According to Agência Nacional de Vigilância Sanitária (ANVISA), this safety alert involved a device in Brazil that was produced by Siemens Healthcare Diagnósticos S.A; Siemens AG; Siemens Shenzhen Magnetic Resonance Ltd.; Siemens Healthcare Diagnósticos S.A.

What is this?

Alerts provide important information and recommendations about products. Even though an alert has been issued, it does not necessarily mean a product is considered to be unsafe. Safety Alerts, addressed to health workers and users, may include recalls. They can be written by manufacturers, but also by health officials.

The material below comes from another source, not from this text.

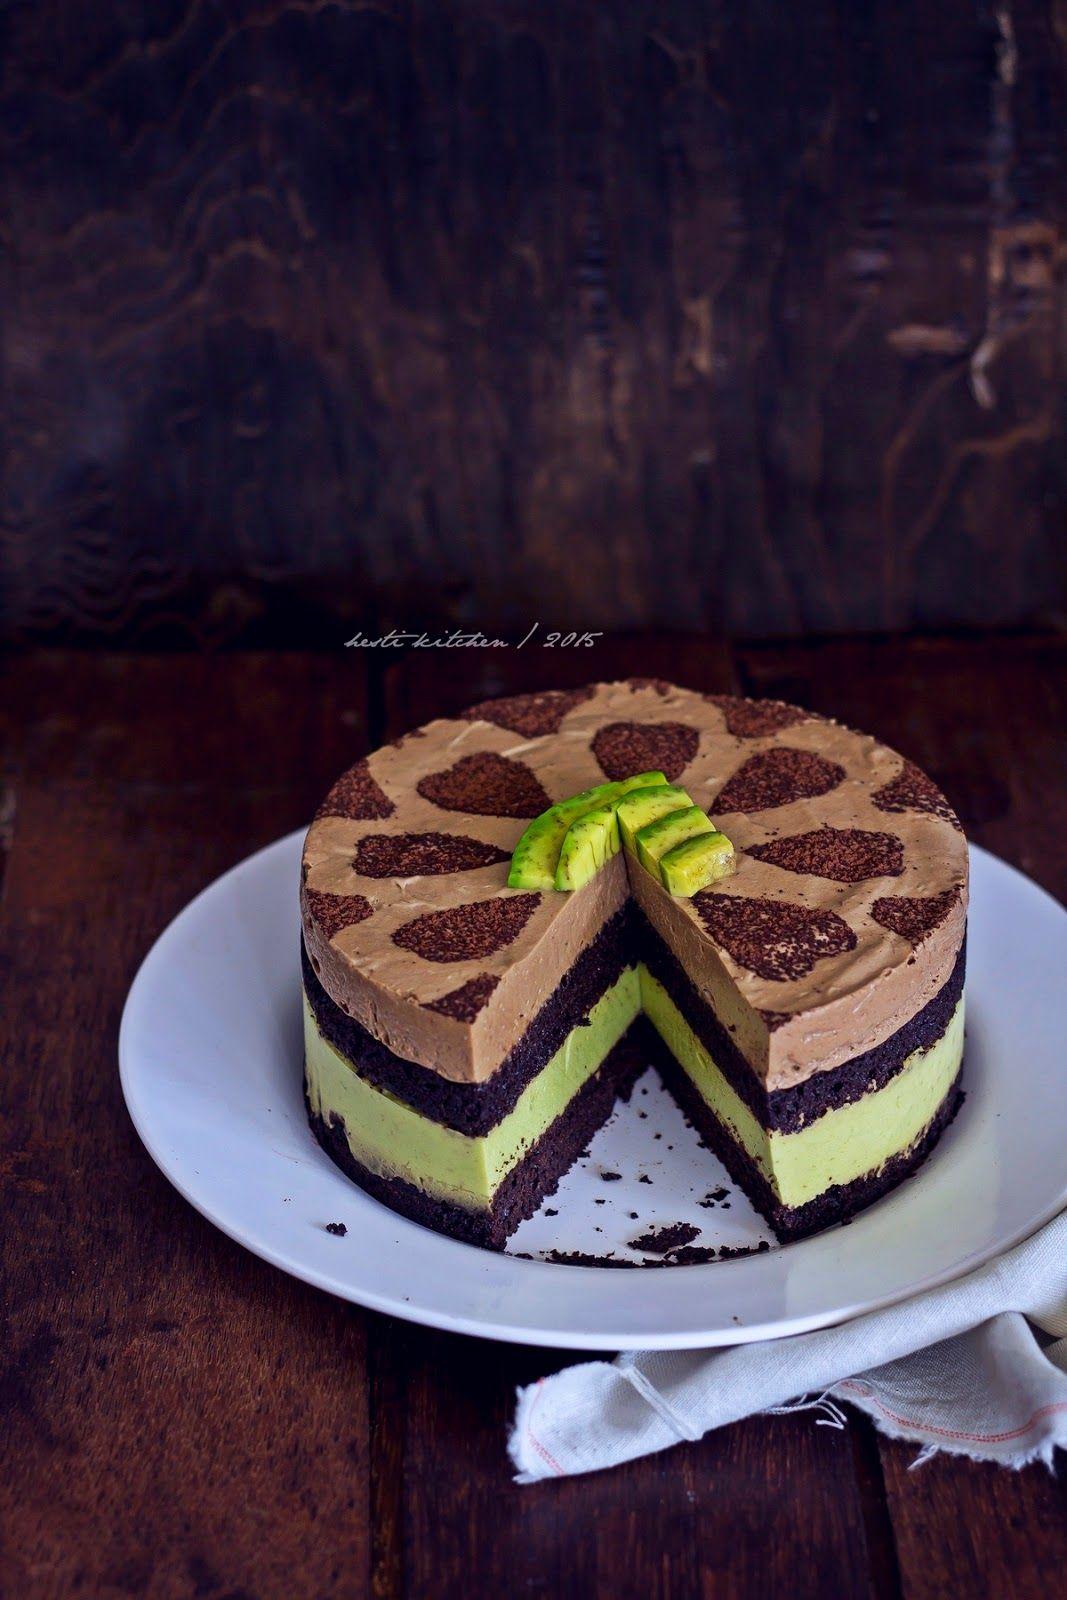 Sering Lihat Kue Ini Berseliweran Di Fbnya Mba Ina Moulina Fajrin

Learn more about the data here
  • Type of Event
    Safety alert
  • Event ID
    1782
  • Date
    2015-12-23
  • Event Country
  • Event Source
    ANVISA
  • Event Source URL
  • Notes / Alerts
    Brazilian data is current through June 2018. All of the data comes from Anvisa, except for the categories Manufacturer Parent Company and Product Classification.
    The Parent Company and the Product Classification were added by ICIJ.
    The parent company information is based on 2017 public records. The device classification information comes from FDA’s Product Classification by Review Panel, based on matches of data from the U.S. and Brazil.
  • Extra notes in the data
    Suppressor lines in magnetic resonance systems serve to vent helium gas in case of dissipation. In the event of installation failure, the helium gas would be blown into the magnet room or other areas. This could lead to a displacement of the local oxygen gas, cause cold burns and / or pose a risk to users, patients and others.
  • Reason
    Siemens healthcare comes across the letter mr047 / 15 / s to alert its customers in brazil about the possibility that the suppressor lines of some superconducting magnets have not been installed properly.
  • Action
    The field action code MR047 / 15 / S initiated by Siemens addresses the sending of a Risk Letter III to the Customer (situation in which there is a low probability that the use or exposure to a health product may have adverse health consequences ). Recommendation to Users and Patients: Proprietary MRI customers must follow one of the steps below, depending on who performed the MRI suppression facility. The guideline is for customers to have the equipment inspected for installation to assess the existence of the problem. 1) If Siemens has been contracted to install the suppressor line, contact the local Siemens organization for appropriate action. 2) If a third party has been contracted to install the suppressor line, it is recommended that they be contacted and requested to inspect the suppressor line in order to ensure that it has been installed in accordance with the system owner's manual and in accordance with requirements in the design document of the Siemens suppressor line. Notwithstanding, and alternately, Siemens makes itself available to offer users the possibility of requesting an inspection of the installation, after which it will be informed of the result and any identified deficiencies that need to be resolved. Finally, it is important to note that it is important to follow all the guidelines mentioned in the system owner's manual, including ensuring that there is an on-site emergency plan in the event of helium gas dissipation to the magnet room or adjoining rooms.